Research Scientist Graduate (Computational Biology (Seed AI-for-Science - 2026 Start (PhD)
- ByteDance
- Seattle, Washington
- Full Time
Understanding biological structure central to deciphering the mechanisms of life and advancing drug design. We are developing next-generation, structure-centric, multimodal foundation models that power key applications-from complex structure prediction and functional modeling to de novo molecular design.
We are a cross-disciplinary team of experts in machine learning, structural biology, computational chemistry, and bioinformatics, supported by strong engineering infrastructure and access to large-scale compute resources. We aim to develop open, high-precision, generalizable models that drive breakthroughs in biology and drug discovery.
We offer a collaborative, impact-driven environment at the forefront of biology and artificial intelligence, where your work directly contributes to transformative advances in drug discovery and life sciences. Our team benefits from access to cutting-edge compute infrastructure, proprietary tools, and a culture that values open science. By joining us, you'll have the opportunity to build foundational technologies that shape the future of molecular design and biological understanding.
We are looking for talented individuals to join our team in 2026. As a graduate, you will get unparalleled opportunities for you to kickstart your career, pursue bold ideas and explore limitless growth opportunities. Co-create a future driven by your inspiration with ByteDance.
Successful candidates must be able to commit to an onboarding date by end of year 2026.
Candidates can apply to a maximum of two positions and will be considered for jobs in the order you apply. The application limit is applicable to ByteDance and its affiliates' jobs globally. Applications will be reviewed on a rolling basis. We encourage you to apply as early as possible.

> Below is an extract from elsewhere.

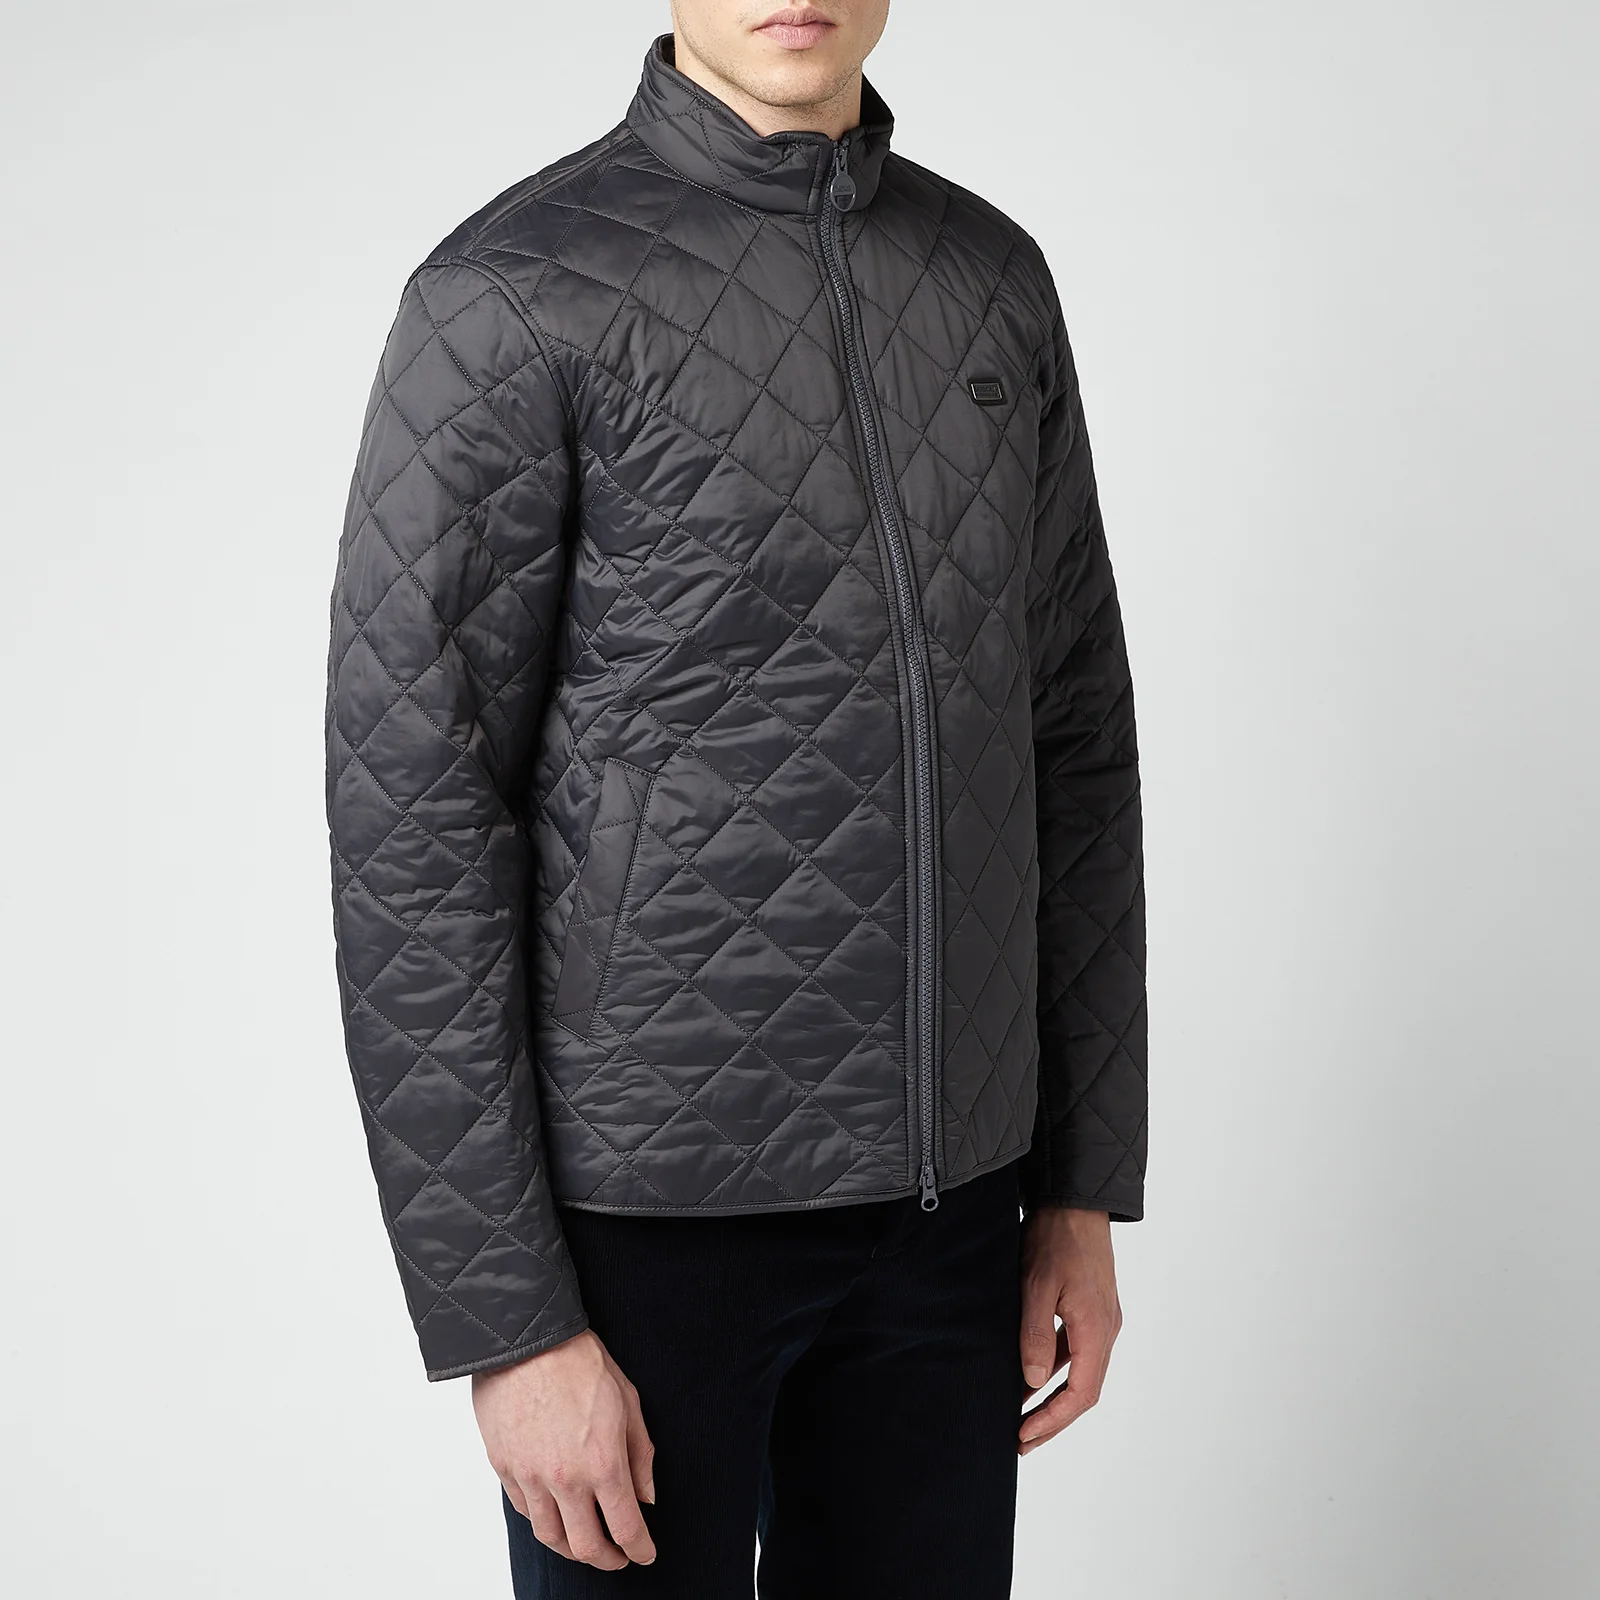 Barbour International Men's Gear Quilted Jacket - Charcoal Image 1

Responsibilities:1) Collaborate closely with a multidisciplinary team of ML researchers, computational biologists, and chemists to tackle cutting-edge scientific challenges in molecular modeling.2) Contribute to the design, training, and optimization of large-scale models for structure prediction across diverse biomolecular systems, addressing key challenges such as conformational sampling, binding affinity estimation, and de novo molecular generation.3) Translate insights from structural biology, experimental data, and physical principles into scalable model architectures and generative algorithms.